Daisy took on the name Asiya with a solemn appreciation, and just as she became Asiya, everything began to change. She began to digest the world differently, she began to take it in and turn it out in a whole other manner. She began, she felt, to be in control of the world in a way. It did not alarm her, but rather seemed logicaclass="underline" taking in God as a true believer, becoming one of them from heart to appellation, had to be intense. The story was being written from scratch, her whole universe was being created before her. Perspective was the least of the benefits Asiya McDonald was due to acquire.

She had her name legally changed.

Eventually Moe broke her heart by giving in to his parents’ choice for a girlfriend, who soon became his wife, a beautiful also-Moroccan girl named Ayesha, who eyed Daisy — Asiya — with only suspicion. But really, Ayesha would prod, what made you come here?
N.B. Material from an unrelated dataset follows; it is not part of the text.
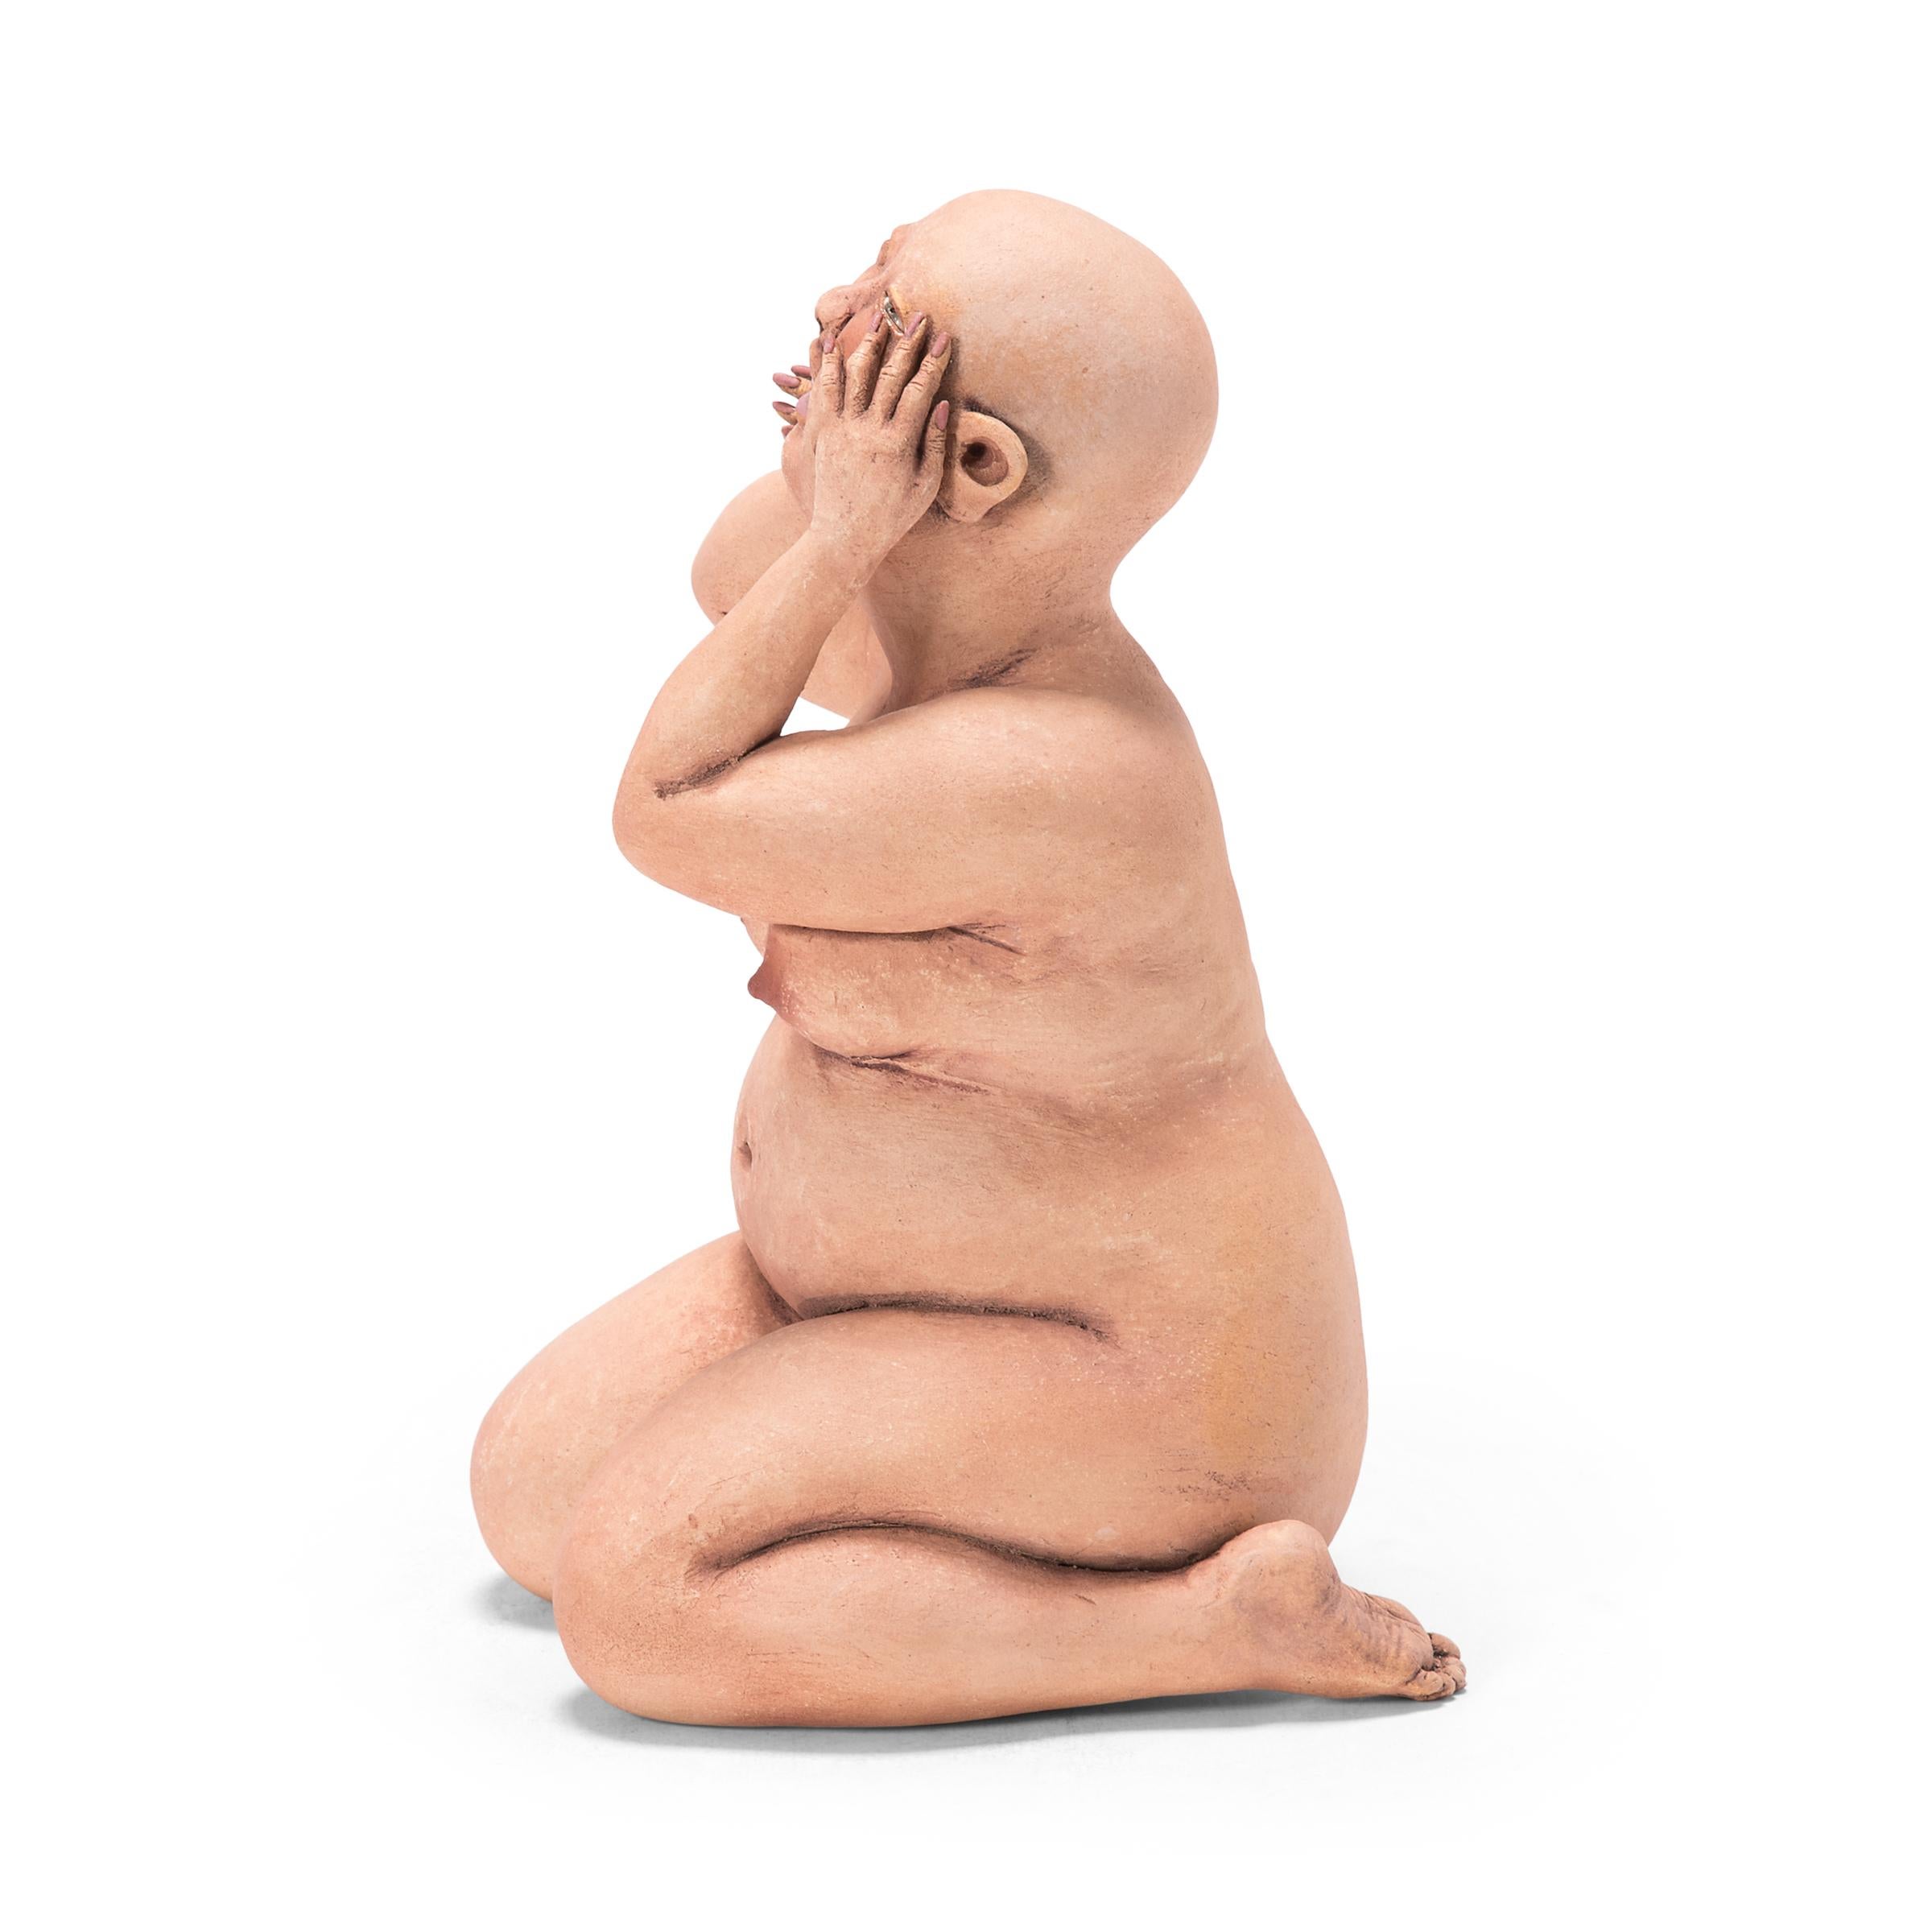 Bald and chunky, Esther Shimazu’s quirky clay figures are unabashedly naked and delightfully indulgent. Drawing up on her Japanese ancestry and experience living in a laid-back Asian community in Hawaii, the artist imbues her figures with a
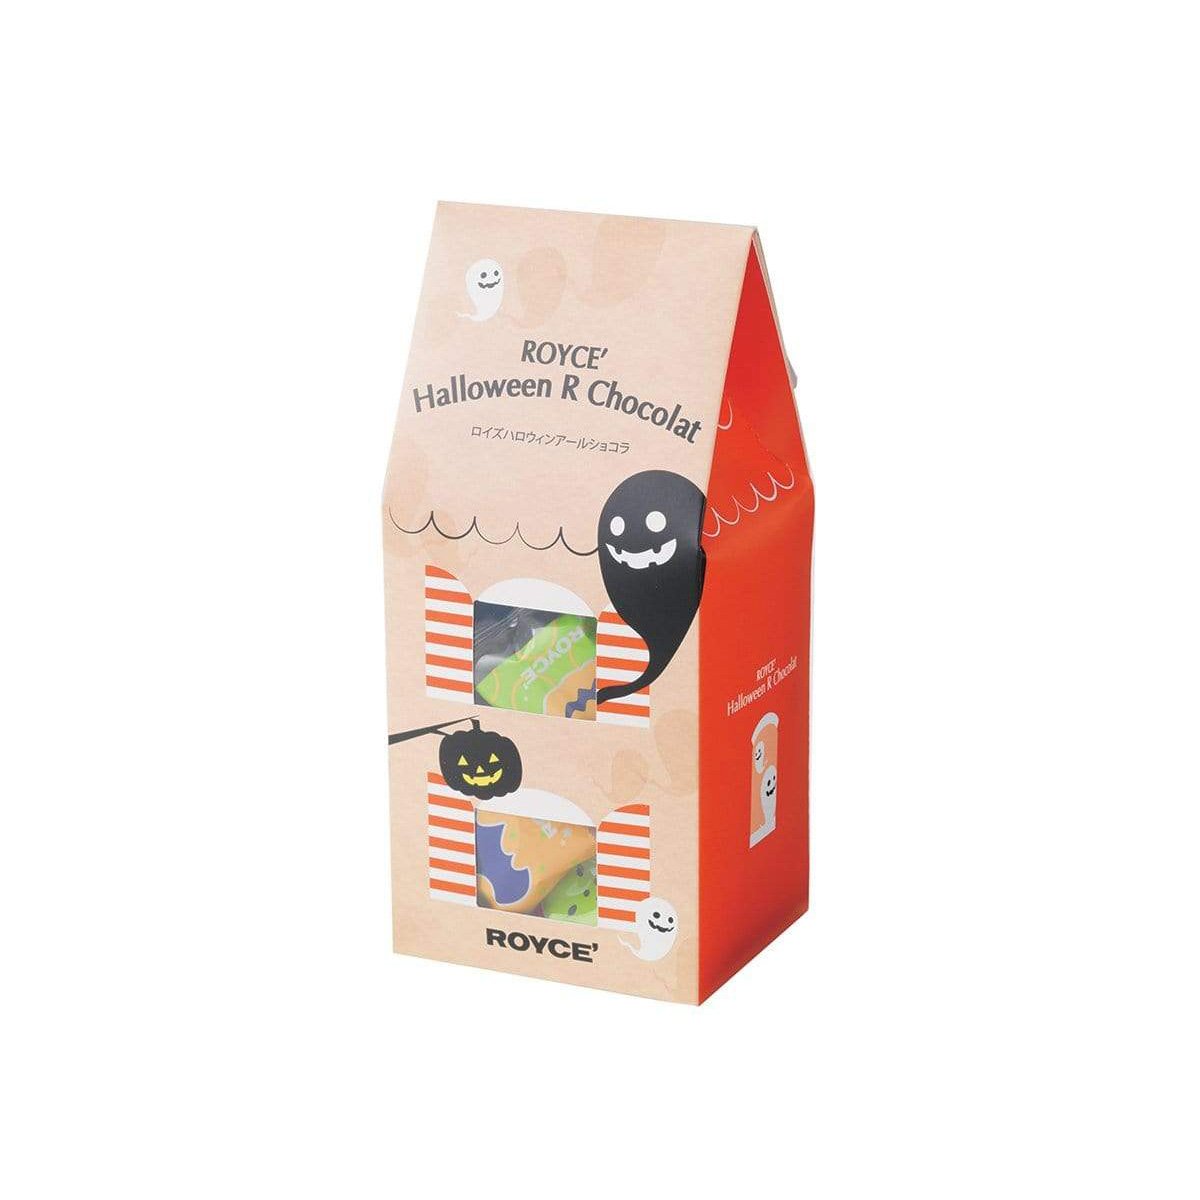 Image shows a box in orange and light brown colors with illustrations of ghosts and pumpkins. Text says ROYCE' Halloween R Chocolat ROYCE'. Background is in white.

Why did you want to be one of us?

Asiya didn’t know what to say exactly. I think I love Islam, she said, with less certainty than she wished was true.

Without Moe, she began trying to get to know more men from the mosque, hanging out after prayer meetings and following them to local cafés. She got a reputation at the mosque as the white girl who was trying to get their men. She once heard a friend of Ayesha’s say loudly in English: The little she-devil thinks this is a man-whore-house! But they all know she can’t compete.

And apparently it was true. While she fascinated many of the men at first, her cloying presence, like a department store fragrance one gets showered with at the urging of the perfume counter lady, soon became too much for them. There were only a couple white men there at the time and no white women except for her. A few started to wonder what her business was, if there was something more sinister. But most just found her annoying, parasitic, lost, and desperate. They felt it was more new company, not God, that she craved, even though she would vehemently deny it when they’d suggest it with a leading question or two.

Years later, no longer Muslim, but not willing to abandon that beautiful name, she would still deny it. The men were part of the package, but it was God that held all the allure for her. Even though her stint as a Muslim believer had lasted just over a year, she missed believing in something, or at least trying to.

And she credited Islam for being what opened her to something greater, made her suddenly a receptacle for visions of sorts. It was during the time she was studying the Koran that she started have feelings about things, to the point that she would call them premonitions. If it weren’t blasphemous to imply it, she’d say that she became a Muslim mystic and then simply a mystic. That gift did not leave her, no matter what God she held on to.